The Encyclopædia Britannica Second Edition (1777–1784) is a 10-volume reference work, an edition of the Encyclopædia Britannica. It was developed during the encyclopaedia's earliest period as a two-man operation founded by Colin Macfarquhar and Andrew Bell, in Edinburgh, Scotland, and was sold unbound in subscription format over a period of 7 years. Most of the medical and scientific articles, as well as the minor articles, were written by James Tytler. All copperplates were created by Bell.

Vol 1. A 1778;
Vol 2. A-B 1778;
Vol 3. C 1778;
Vol 4. D-F 1779;
Vol 5. G-J 1780;
Vol 6. K-L 1780;
Vol 7. M-O 1781;
Vol 8. O-P 1781;
Vol 9. P-S 1782;
Vol 10. S-Z 1783, with a 204-page appendix, 1784.

Historical context
The second edition is especially interesting to the American reader, as it was written during the course of the American Revolutionary War. Volume 1 was written when New York City was occupied by the British Army, and the course of the war was still quite undecided. Volume 10 was written the year after Cornwallis capitulated and sovereignty was recognized. In the article Colonies, page 2072-2080 Tytler goes into great detail about the British colonies in America and the causes of the revolution, and treats it with an unsympathetic yet neutral, scholarly viewpoint.  Volumes written early, such as volume 2 in the article Boston, where mention is made of "the present American war," and volume 4 in the article New England (under E for England), have these places described as British colonies. In volume 10, written at the end of the war, the article Virginia describes it as "Late one of the British colonies, now one of the United States of North America." Later in that same volume, in the article New York (listed under Y for York), the correctly named "United States of America" is mentioned.

Collaboraters
After the success of the first edition, the second was a more ambitious project, with the addition of history and biography articles. Smellie, editor of the first edition, declined the job for the second, principally because he objected to the addition of biography.
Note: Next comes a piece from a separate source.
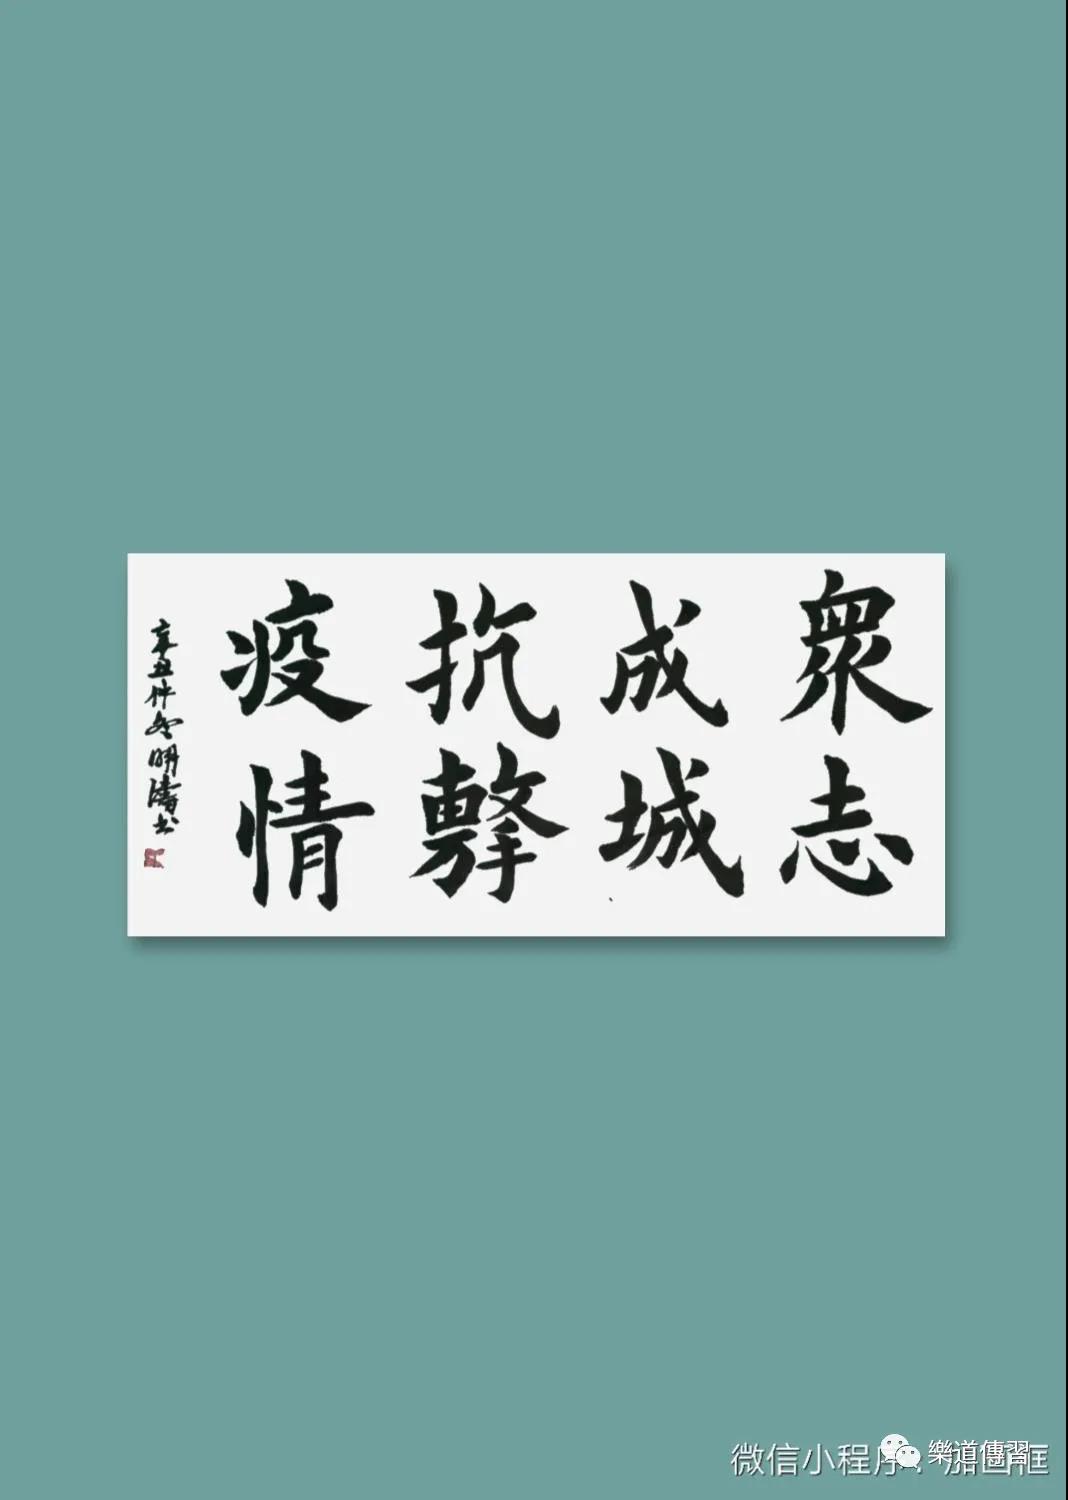 【“艺”起抗疫】淳化县老年大学书法作品网络展

Macfarquhar took over the role himself, aided by pharmacist James Tytler, M.A., who was known as an able writer and willing to work for a very low wage. Macfarquhar and Bell rescued Tytler from Holyrood Palace, a debtors' prison, and employed him for seven years at 17 shillings per week. Tytler was a polymath, educated by his father in classic languages and theology, and at Edinburgh in medicine, surgery, pharmacy, and chemistry. He wrote many science and history articles and almost all of the minor articles; by Robert Burns' estimate, Tytler wrote over three-quarters of the second edition. On subjects in which he was not expert, he would copy and paste from contemporary sources. For example, on articles related to Law, such as Corporation, he took large sections of text from William Blackstone's Commentaries on the Laws of England. In compiling the many biographical articles, he borrowed heavily from Biographia Britannica and other sources, often copying word-for-word. His experience and livelihood in surgery and pharmacy led to his authoring unusually long articles in those fields, as well as related subjects such as chemistry and medicine, but he also wrote long articles for, "Electricity" and "Optics," which were outside his field. He was a gifted writer, being in charge of editing the copy and galleys himself, and helping typeset in the printing room. He would sometimes write without using any sort of manuscript, simply setting type as he wrote. In fact, Burns described him as being a printer by trade.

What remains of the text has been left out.